Arize Phoenix. Strong open-source observability and tracing. Use it if you need visibility. The eval module is useful for simple cases. For domain-specific failure detection at production scale, it is not the same as a calibrated evaluation system.

The FDE (forward-deployed engineer) model

Composo deploys with a forward-deployed engineer who embeds with the customer for 2 to 4 weeks. The deployment produces:

  • A failure taxonomy built from the customer’s actual production traces
  • A domain-calibrated evaluation model
  • Runtime guardrails configured at whatever boundary makes sense
  • An operational handover so the customer’s own team runs the system

Total cost: depends on scope, usually meaningfully less than a 6-month internal build. Total time: 2 to 4 weeks, not 6 to 12 months. Total ongoing commitment from the customer: roughly 10 hours of domain-expert time during calibration, then light-touch operation afterwards.

The comparison is not “pay a vendor fee forever vs spend a one-time engineering cost.” It is “get a production-grade quality layer in weeks, or build it yourself over a year.”

The framing that clarifies the decision

Dave Holmes-Kinsella, who runs AI at Infinitus, put the build-vs-buy decision as well as anyone we’ve spoken to:

“We don’t need to be best in class in evaluating phone calls. Just know. That’s what you will do. Opportunity cost for some very scarce engineering resources.”

“We want the dashboard with the dials. That tells us stuff. We don’t wanna have to build it.”

That is the right question. Is “world-class internal evaluation infrastructure” actually strategic for your company? For a tiny minority of companies, yes. For most, it is the thing you pay for so your best engineers can work on your actual product.

The shortest version of this post

Building your own evaluation is cheap to start and expensive to maintain. Most homegrown evaluation plateaus at accuracy that is not sufficient for production gating. Generic LLM-as-judge misses domain-specific failures. The 6 to 12 months of engineering time costs more than the vendor fee, and the opportunity cost costs more than both.

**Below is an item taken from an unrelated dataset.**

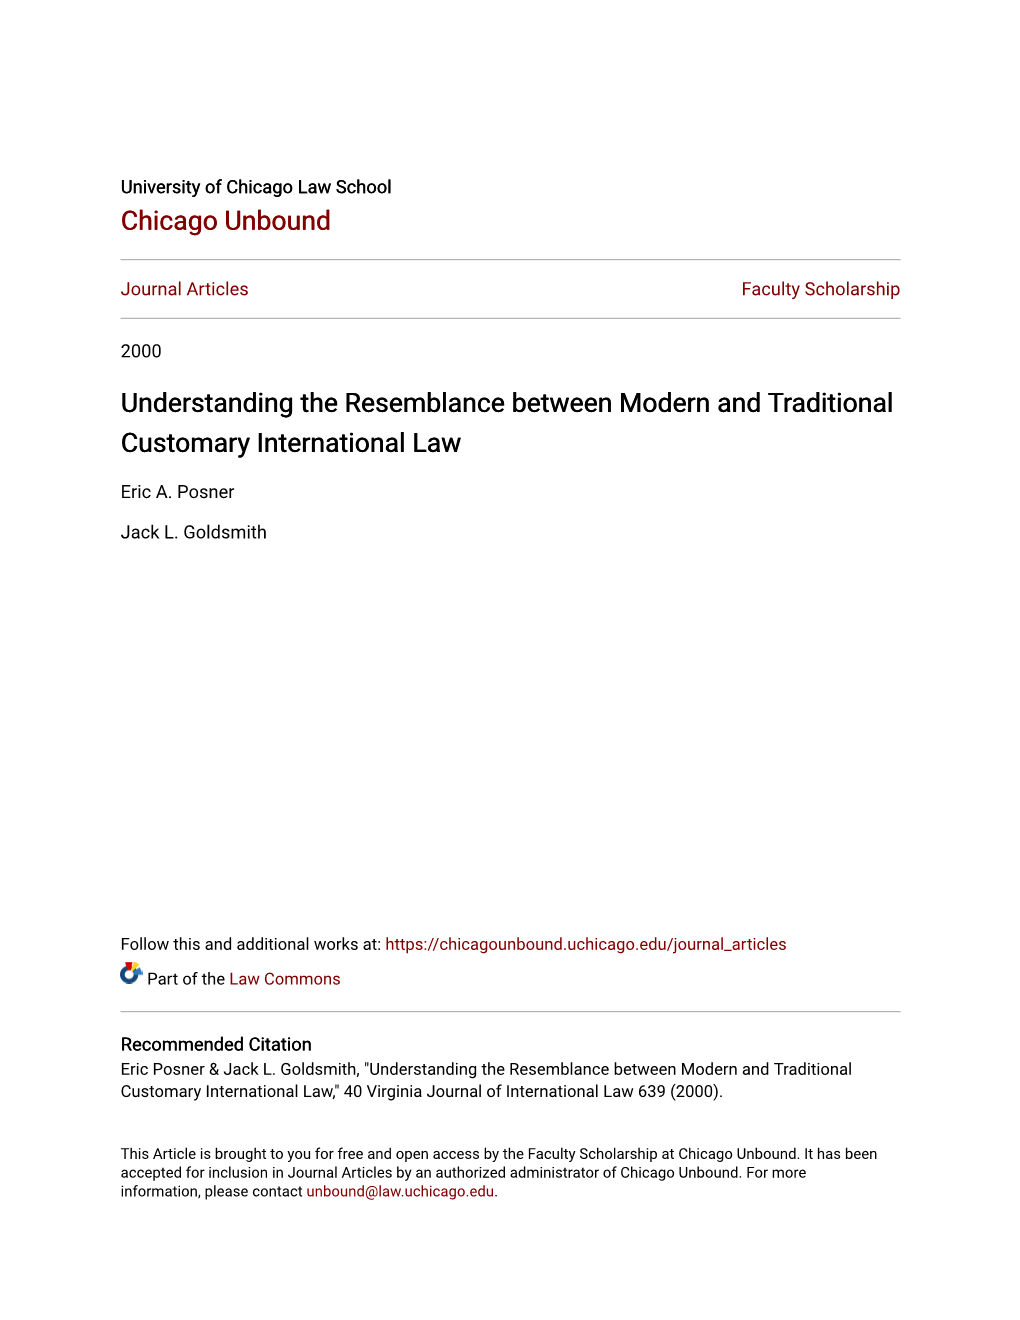 Understanding the Resemblance Between Modern and Traditional Customary International Law

Unless evaluation is your product or you have genuine research capability, buying is usually right.

For a diagnostic that shows you what failures Composo would catch on your specific traces in under a week, book here. Or read the Composo vs building it yourself comparison for a side-by-side.

Frequently asked questions

How much does it cost to build an internal LLM evaluation pipeline?

A minimum viable internal evaluation setup costs around £45-60k fully loaded (one senior ML engineer over 3 months). A production-grade, domain-calibrated evaluation system typically requires 6 to 12 months of engineering time plus ongoing maintenance of roughly two engineers once at scale.

When does it make sense to build LLM evaluation internally?

Building makes sense when evaluation quality IS the product (for research orgs, eval vendors, or AI labs), when you have a 6+ month runway before needing production-grade quality, and when you have senior engineers you can dedicate to long-term maintenance. For most teams using AI as a component of their product, it does not make sense.

What is the human-expert alignment ceiling of a homegrown LLM-as-judge?

Most homegrown LLM-as-judge systems plateau around 70% alignment with human domain experts. A production-grade evaluation platform like Composo reaches 90%+ alignment with human experts in most contexts, but the techniques required (criteria ensembling, reward modelling, domain calibration) take months of specialised research to implement internally.

What do open-source evaluation frameworks cover, and what do they miss?

Open-source options (Promptfoo, DeepEval, Phoenix, Ragas) are excellent for offline CI/CD-style evaluation. They do not solve the harder problems: catching domain-specific failures that generic evaluators miss, calibrating to your failure taxonomy, running production-scale guardrails, and handling drift.

Is a bought LLM evaluation platform locked in?

Partially. Your evaluation criteria, failure taxonomy, and annotated calibration data are your property and exportable. The underlying scoring models are usually proprietary. The practical lock-in is the institutional knowledge of how to evaluate your domain, not data hostage-taking.